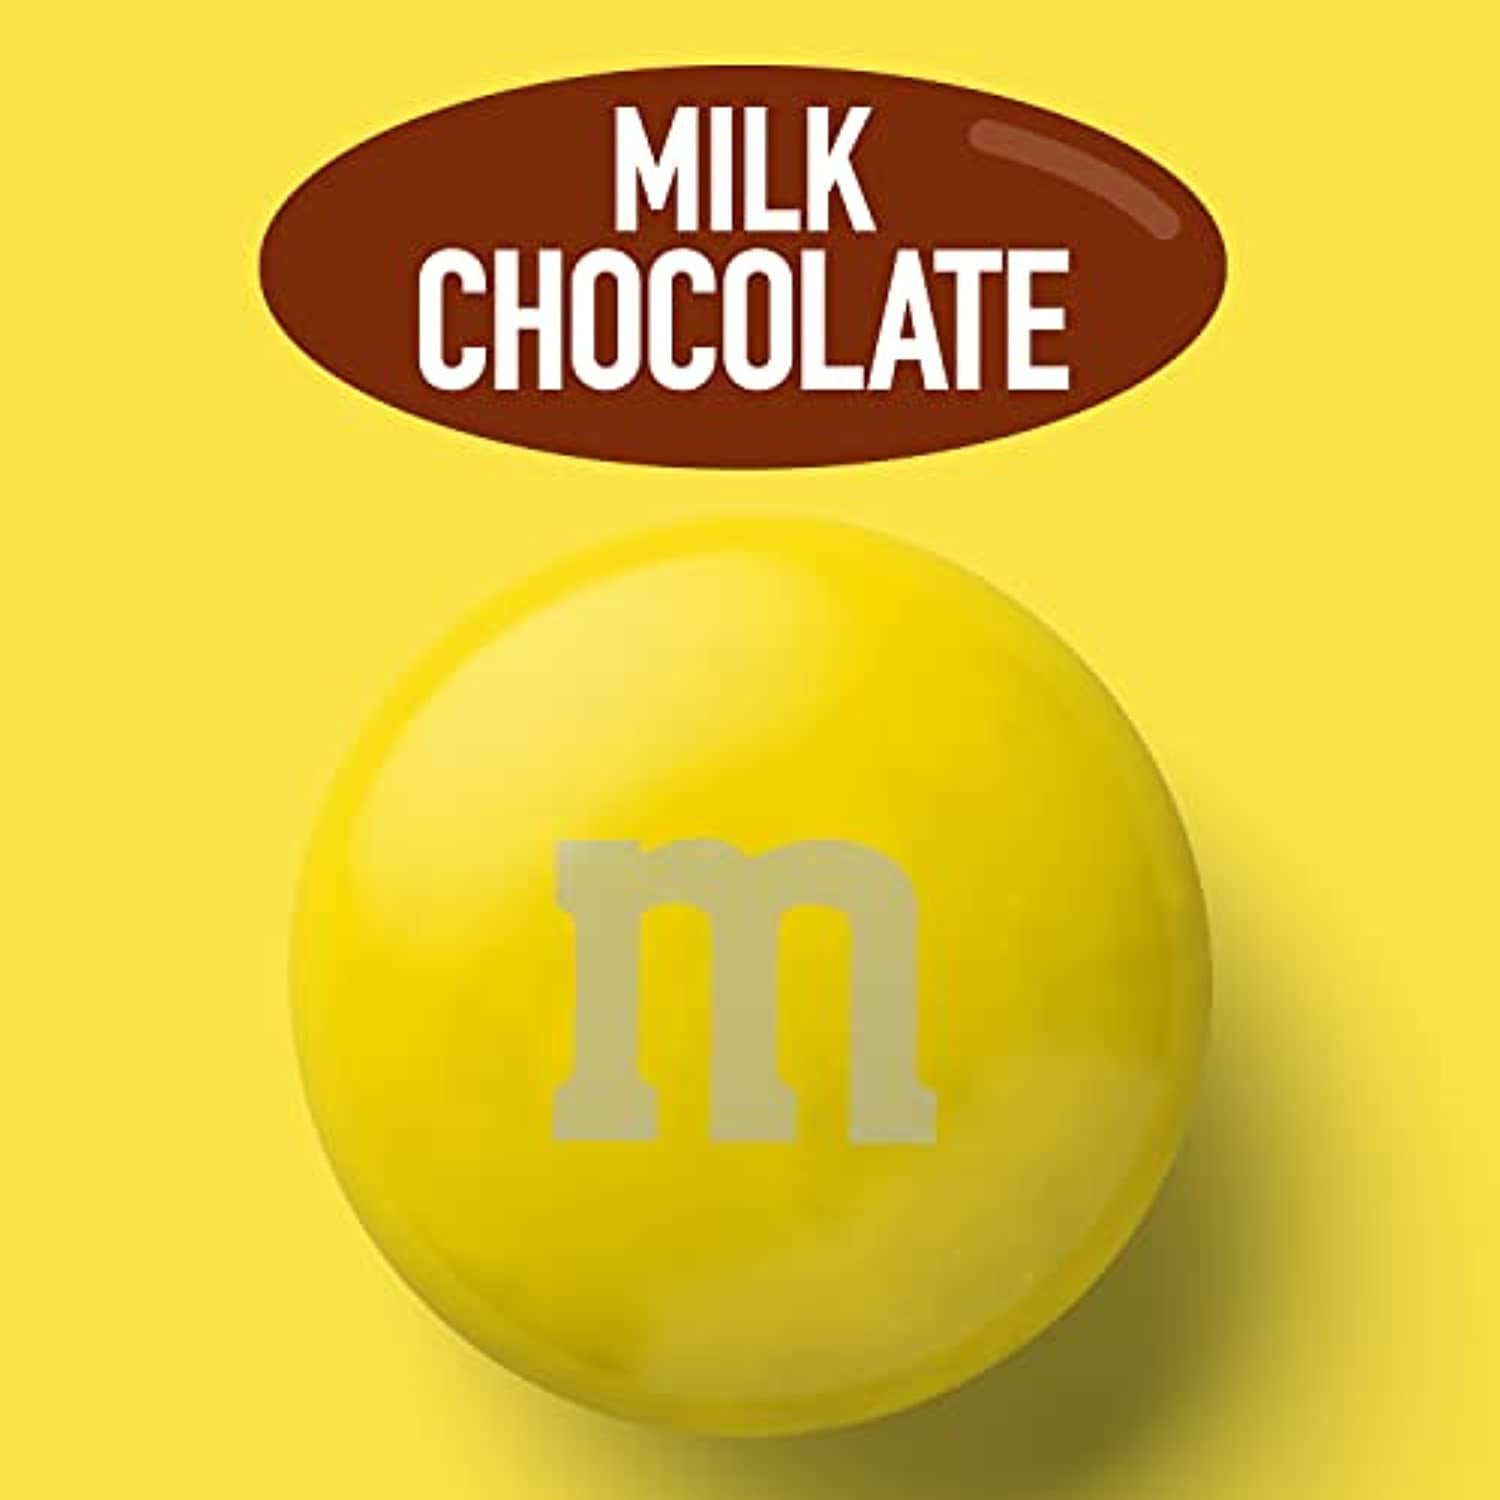 Brown M&M's Chocolate Candy • M&M's Chocolate Candy • Chocolate Candy  Buttons & Lentils • Bulk Candy • Oh! Nuts®
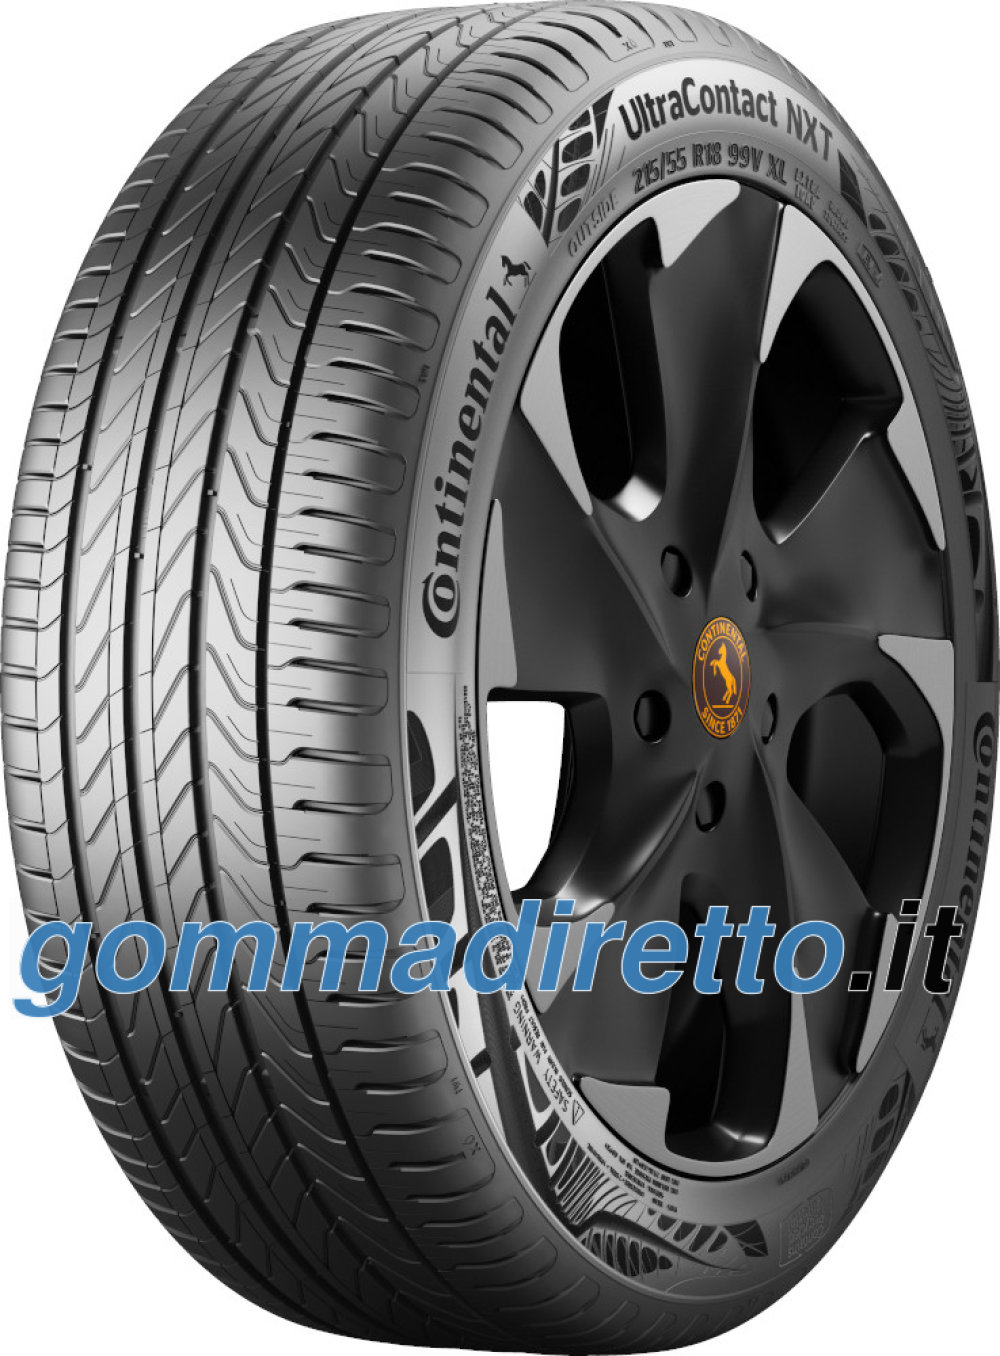 Image of Continental UltraContact NXT - ContiRe.Tex ( 225/50 R18 99W XL CRM, EVc )
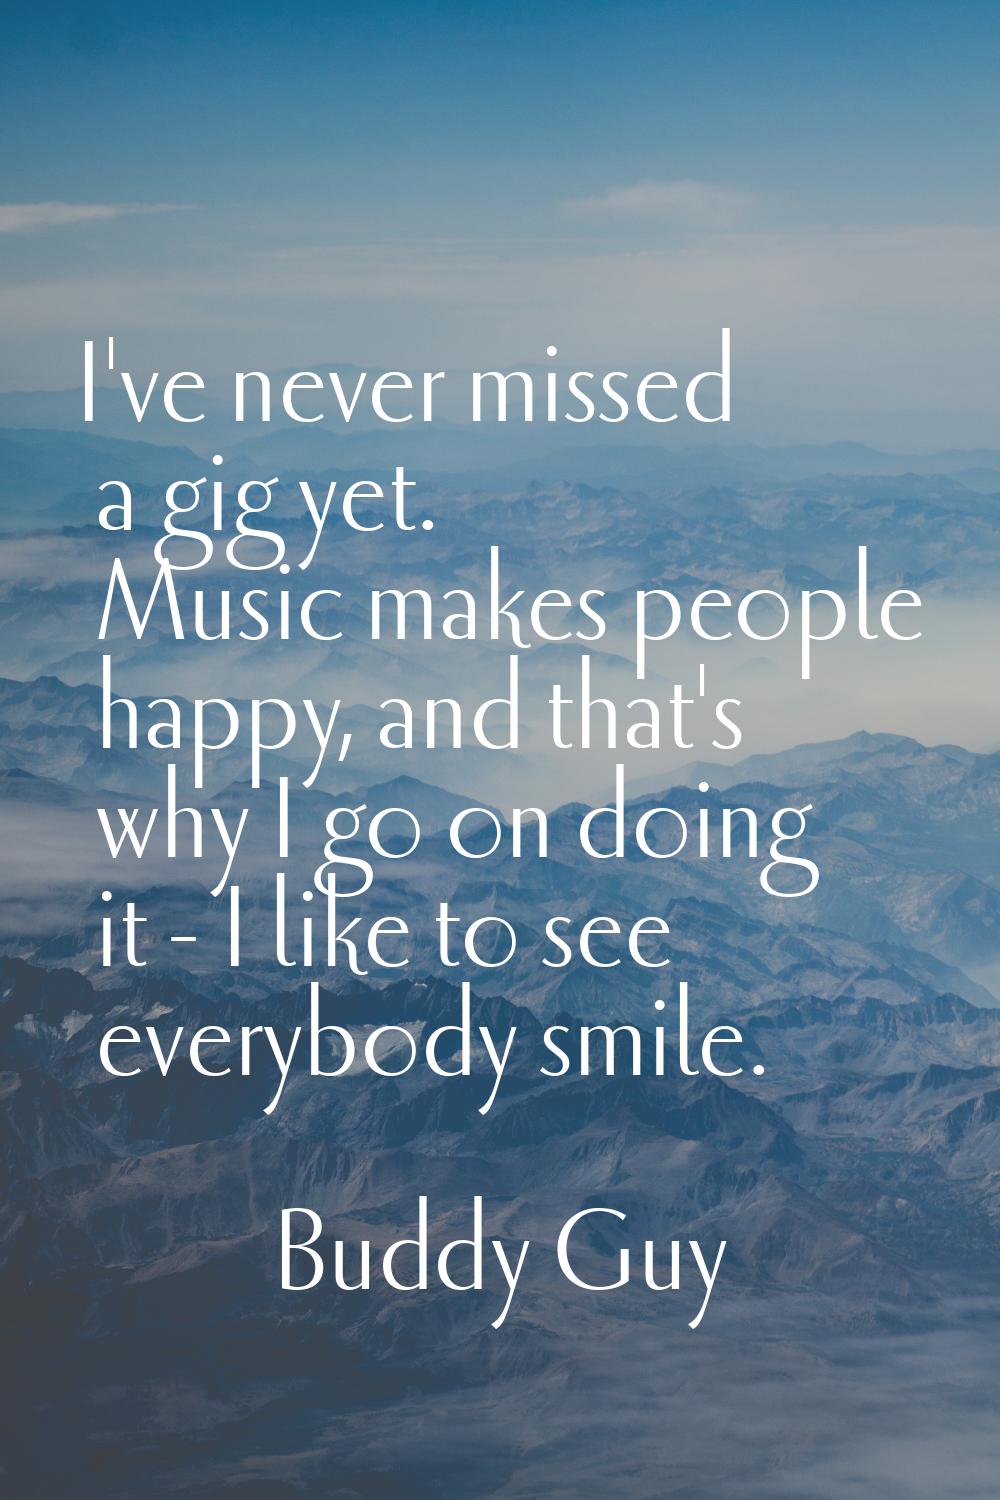 I've never missed a gig yet. Music makes people happy, and that's why I go on doing it - I like to
::::::::
**WHAT THIS TASK INVOLVES**.
Nothing but the lines from the beginning of the material through the line with "Image of Continental" should appear, printed exactly, with no pictures among them.

**EXERCISE ANSWER**.
 Brown M&M's Chocolate Candy • M&M's Chocolate Candy • Chocolate Candy  Buttons & Lentils • Bulk Candy • Oh! Nuts®
 Image of Continental UltraContact NXT - ContiRe.Tex ( 225/50 R18 99W XL CRM, EVc )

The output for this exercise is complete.